BBB – bancadas do boi, da bala e da bíblia: a sigla, bastante conhecida, tende a crescer. Fiquemos na análise da bancada da bíblia, que vai se fortalecer no governo Bolsonaro, na esteira do crescimento do evangelismo. A hipótese é ancorada num conjunto de elementos: vínculo forte dos evangélicos com valores conservadores, matriz do pensamento governamental; grande bancada, com cerca de 200 deputados e dez senadores; o prestígio que lhe confere o presidente. Sua esposa Michelle frequenta a Igreja Batista Atitude, no Rio. O casamento foi oficiado pelo pastor Silas Malafaia, da Assembleia de Deus.
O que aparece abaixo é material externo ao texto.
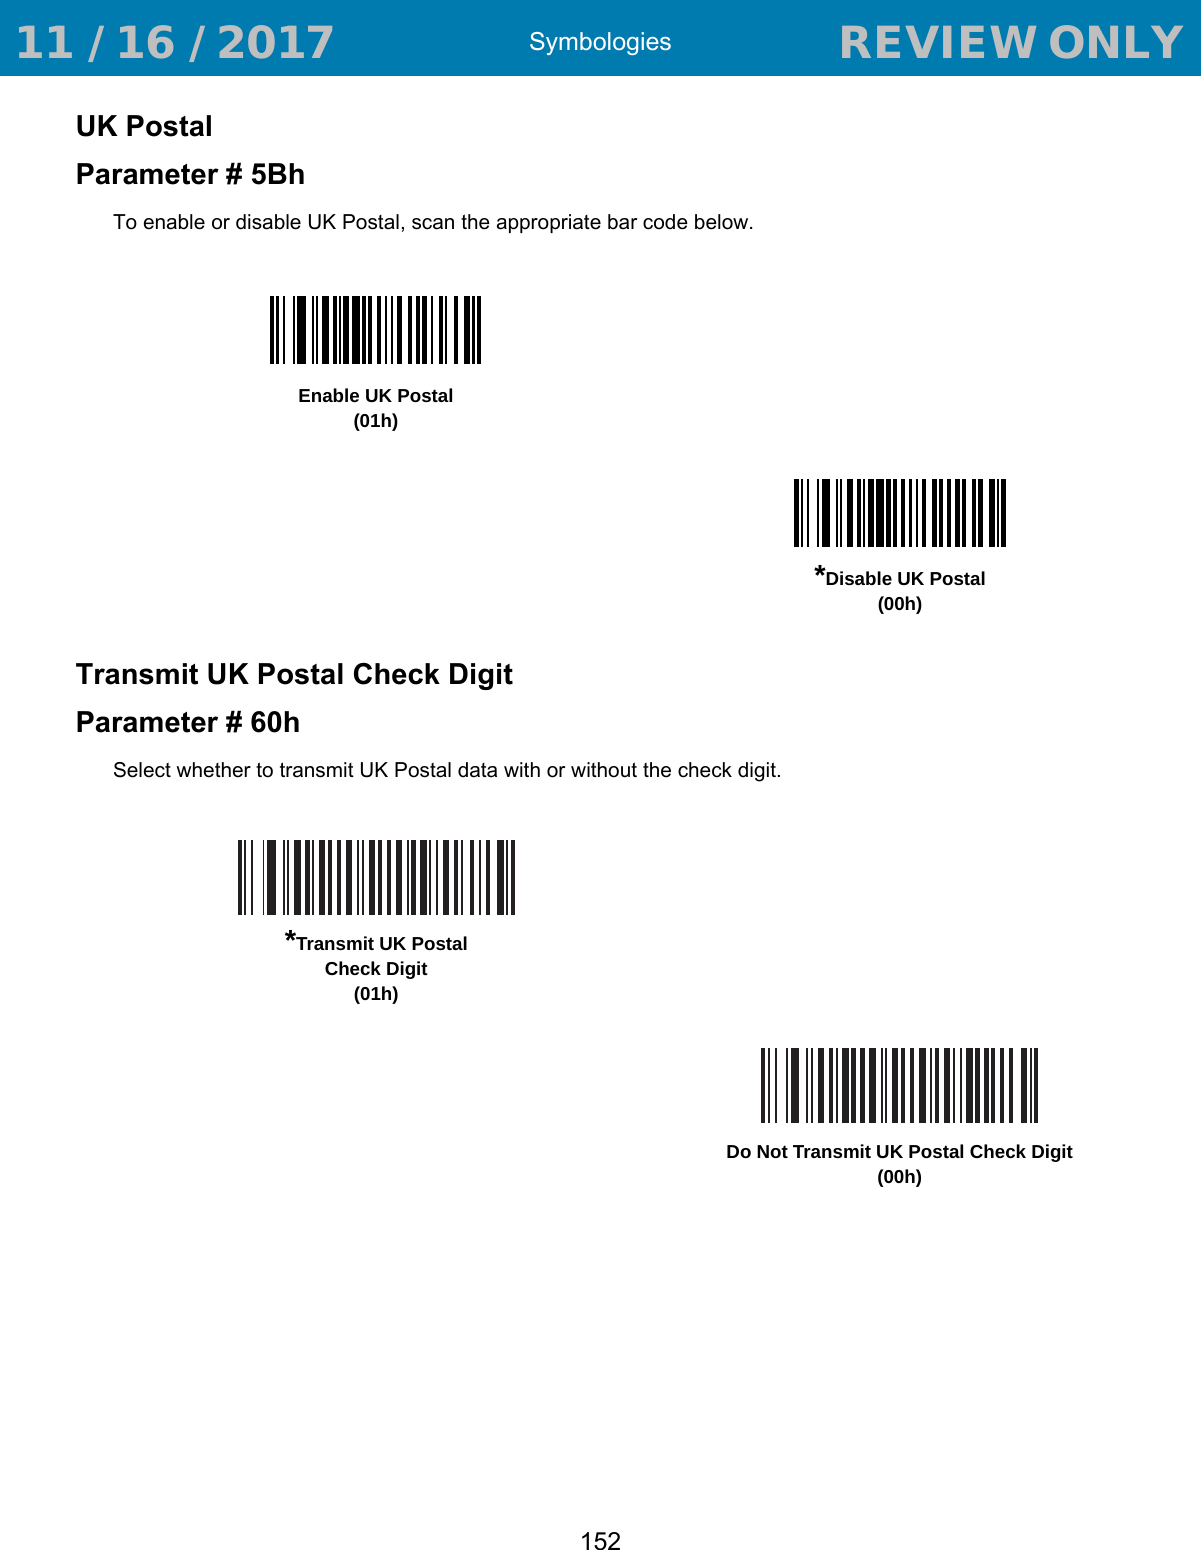 Symbologies152UK PostalParameter # 5BhTo enable or disable UK Postal, scan the appropriate bar code below.Transmit UK Postal Check DigitParameter # 60hSelect whether to transmit UK Postal data with or without the check digit.Enable UK Postal(01h)*Disable UK Postal(00h)*Transmit UK PostalCheck Digit(01h)Do Not Transmit UK Postal Check Digit(00h) 11 / 16 / 2017                                  REVIEW ONLY                             REVIEW ONLY - REVIEW ONLY - REVIEW ONLY

O número de evangélicos se expande, sendo hoje aproximadamente 24% da população, enquanto os católicos caem para 62%. O evangelismo se apresenta como uma igreja viva, que toca mais os corações dos fiéis. Renova a liturgia, movimenta plateias com problemas cotidianos e mostra as trilhas para usufruto de bens terrenos; a pobreza pode ser revertida pela disposição de cada um, ao contrário da igreja católica, para quem os pobres serão recompensados no além.

Sobre o evangelismo, particularmente a vertente pentecostal, movimento de renovação cristã, há um texto esclarecedor do pesquisador Brand Arenari. O foco pentecostal é a promessa de integrar indivíduos à dinâmica da sociedade, com ascensão social e modelos de vida individuais, de acordo com a teoria da prosperidade: as pessoas podem ter acesso “às maravilhas do mundo moderno” e “o sofrimento não tem mais valores positivos”.

A família assume o papel de “banco de créditos afetivos, morais e cognitivos”. Preservar a família é, portanto, um dos eixos; a igreja, com suas “células”, acompanha a vida de seus membros. Os indivíduos, orientados para o estudo e o trabalho, acabam encontrando a receita do “sucesso”.

Olhemos os cárceres. Quem leva aos presos a mensagem de esperança, da volta a uma vida saudável, contanto que sigam determinadas linhas de comportamento? As igrejas evangélicas. Por isso são frequentes as saídas de presos com uma bíblia na mão.

Projetemos esse cenário sobre a textura social e política. Núcleos mais pobres se identificam com esse ideário. Antes do reino dos céus, têm de enfrentar as agruras do reino terreno.

O conformismo com a pobreza nos termos da tradição religiosa bate de frente com a esperança de melhores dias, de o indivíduo ser dono de seu destino. Essa é a receita do pentecostalismo. É razoável acreditar que os pentecostais e outras igrejas evangélicas se expandem em progressão geométrica, enquanto a igreja do papa Francisco se estreita em progressão aritmética.

Convém lembrar como se desenvolve a ação religiosa no Brasil de Bolsonaro. Apesar de católico, ele se identifica melhor com os evangélicos. Até prometeu nomear para o STF um ministro “terrivelmente evangélico”. A bancada da bíblia se infiltra nas estruturas do Estado. Cedo ou tarde, pode emergir o debate: o Estado é ou não laico? E por que tanto evangelismo na sua condução? Essa hora vai chegar.